The crime has had lasting effects on the Thomas family and their lives in Central Oregon, Jones said.
“In a small town, which Redmond is and was, the looks, the whispers, the silence of groups as we would walk in, it changed me and my family forever,” said Jones. “My brother, who had epilepsy and cerebral palsy, would have stress induced seizures when he would hear our parents talk about the murder. Both my father and I would self-medicate with alcohol when we would try and make sense of it all, even years later.”
Koch became eligible for parole after former Gov. Kate Brown’s mass commutation order in 2021, which allowed more than half of Oregon’s most serious juvenile offenders to seek parole or early release. Her move came after a 2012 U.S. Supreme Court ruling that made a life sentence without the possibility of parole for juveniles convicted of aggravated murder unconstitutional under the Eighth Amendment. That amendment forbids cruel and unusual punishment.
In March, Justin Link, another member of the Redmond 5, was granted release by the state parole board after the board said he had “demonstrated maturity and rehabilitation” since the murder. His release date is April 28.
Link remained outside the home, speaking with those inside by phone, as Thomas was murdered. Prosecutors said he first raised the idea of murdering Thomas and urged accomplices — notably Koch — to finish the job.
Koch said during the hearing that, on the night of the killing, he didn’t want to let Link down. However, he added: “It’s not Justin’s fault that it happened. It’s my fault.”
During the hearing, Koch and his supporters painted a picture of a man who has changed since the crime occurred.
He took University of Oregon courses. He learned more about the damages of addiction and mental health struggles. He sought to retain a healthy relationship with his family and sobered up. He taught programs and had no disciplinary record in prison, having made a conscious effort at staying away from violent inmates.
“That is an accomplishment I have hardly ever seen,” said John Bailey, the board’s vice-chair person.
But the board continued to prod Koch for answers about why a teen, with no previous record of violent crime and an otherwise “idyllic childhood,” would take a person’s life.

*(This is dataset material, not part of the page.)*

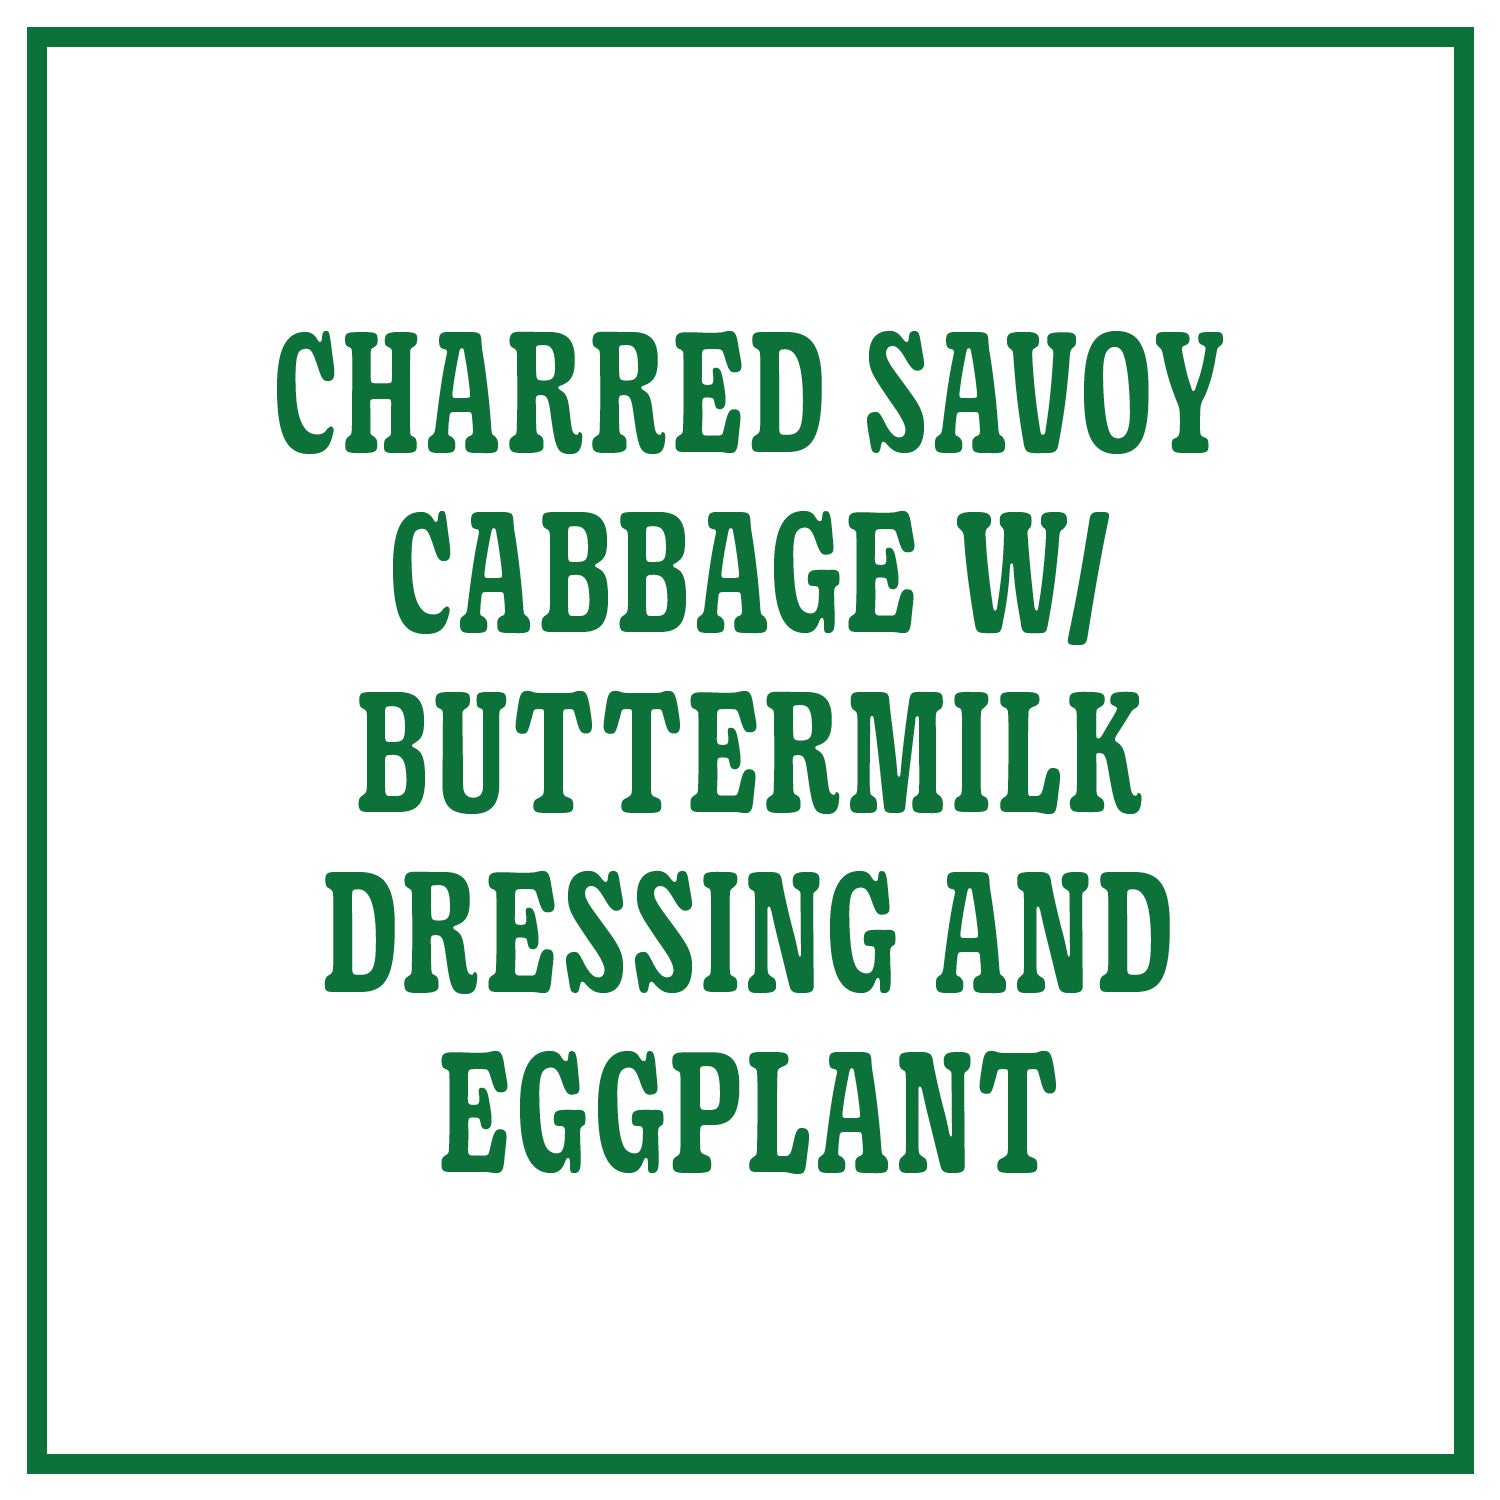 Charred Savoy Cabbage with Buttermilk Dressing and Eggplant

“You went from stealing candy bars out of stores to committing murder at 15,” Taylor said.
Koch’s explanation remained that he was a youth needing a supportive group of peers. In essence, he described the killing as the product of groupthink, with the five teens, having hatched a plan to move to Canada and get into the marijuana business, finding themselves in a situation where murder appeared to be their only way to get out, he said.
“Now, looking back, you know to me it’s very obvious: At any time I could have stopped,” Koch said.
Bailey noted that a psychological evaluation of Koch showed that his risk of future violence and recidivism was low.
If released, Koch said: “I have no desire to make more victims. I will never be able to understand the full impact of what I’ve done without having lived through it … It’s horrible what I’ve caused in the world, and I have no interest in doing that on any level.”